Meet

Não devia ter exagerado na hora do almoço. Como se não bastassem a batidinha de limão de aperitivo, as quatro latas de cervejas, o torresmo, a linguicinha frita, tinha repetido o prato de feijão. E a feijoada estava do jeito que ele gostava, com tudo que tinha direito, rabo, pé, costelinha, paio, linguiça portuguesa, lombo, a carne seca já ficando meio desfiadinha. Agora o que ele queria era dormir até o dia seguinte. Direito tributário era a última coisa que ele queria discutir com os colegas. Pelo menos podia ficar com o cinto arriado e o botão da calça aberto. Ninguém ia ver. Ele entra na sala e todos já estão lá. Com café para tentar se manter acordado, fica escutando o Álvaro introduzir o caso, mais uma empresa farmacêutica milionária querendo pagar menos impostos, querendo mais isenções fiscais.
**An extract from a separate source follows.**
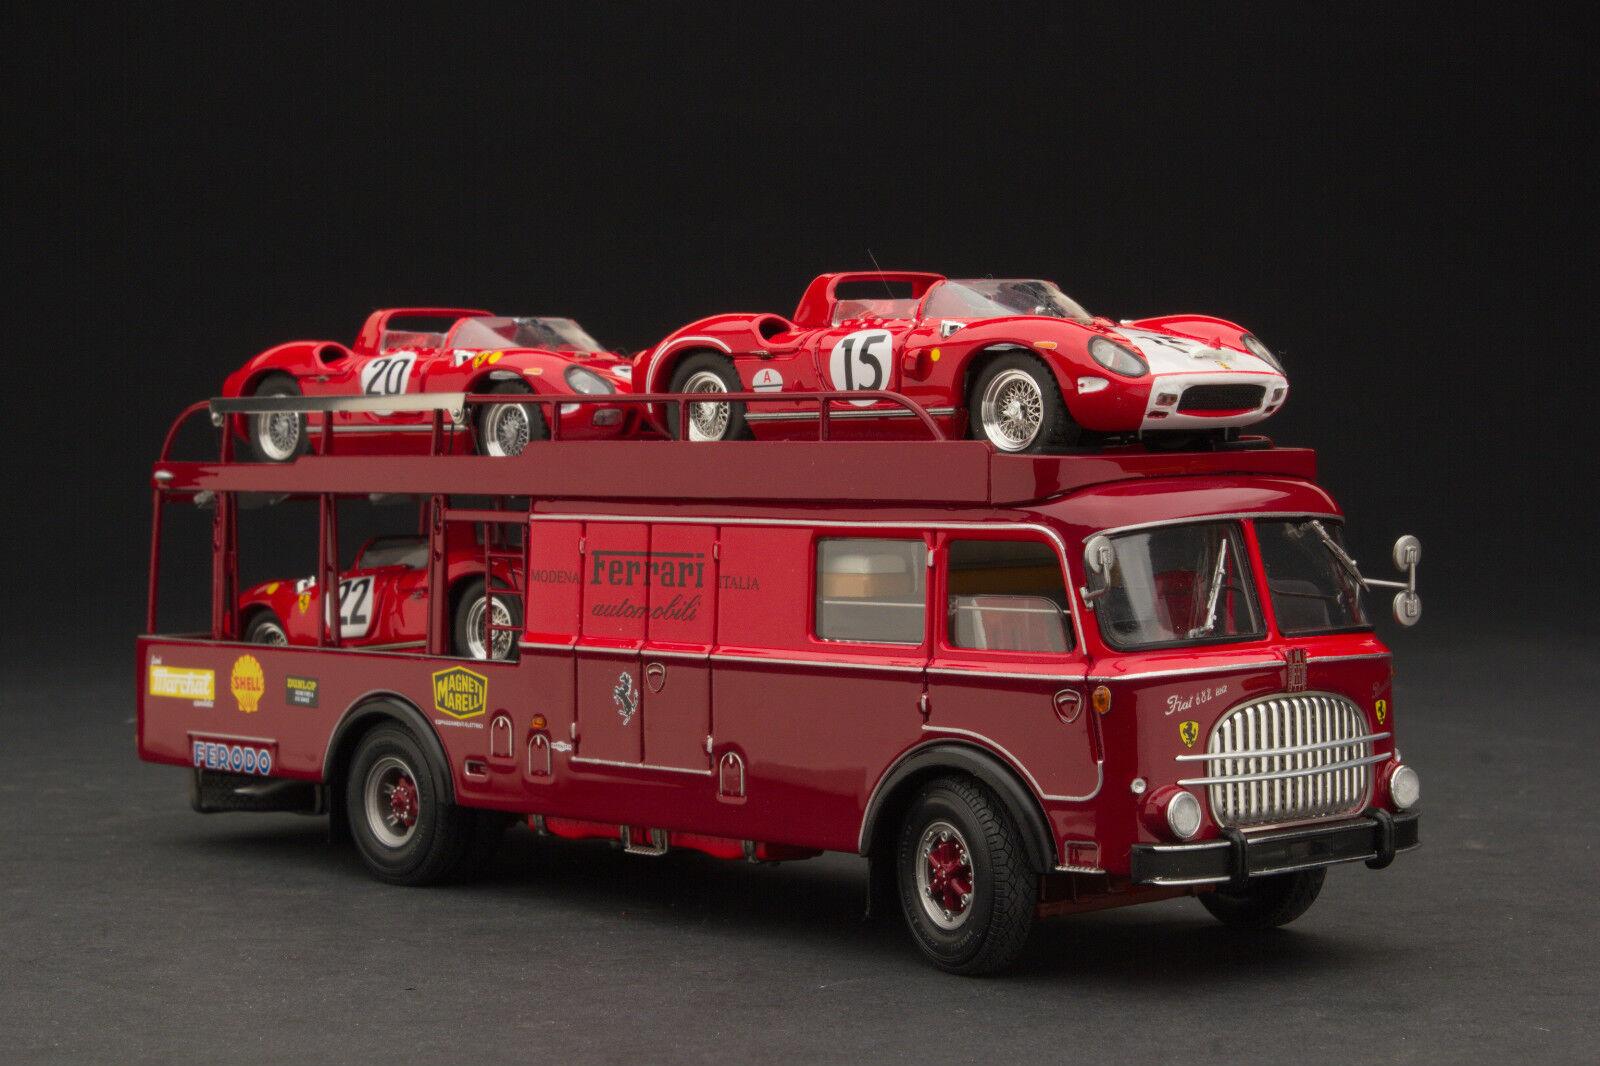 Exoto 43 1964 Bartoletti 682 Scuderia Ferrari Transporter Exo00034gs2

A feijoada se mexe na sua barriga, barriga que ele sabe que ficou muito maior desde que a pandemia começou. Os sinais são claros, o torresminho e o molho de pimenta fazendo efeito. Sabe que só tem uma forma de se aliviar. Fecha os olhos, relaxa o corpo e solta um peido retumbante. Daqueles que termina assoviando. Volta a olhar para o Álvaro quando repara o olhar surpreso do colega que começa a rir. Só aí percebe que seu microfone estava aberto.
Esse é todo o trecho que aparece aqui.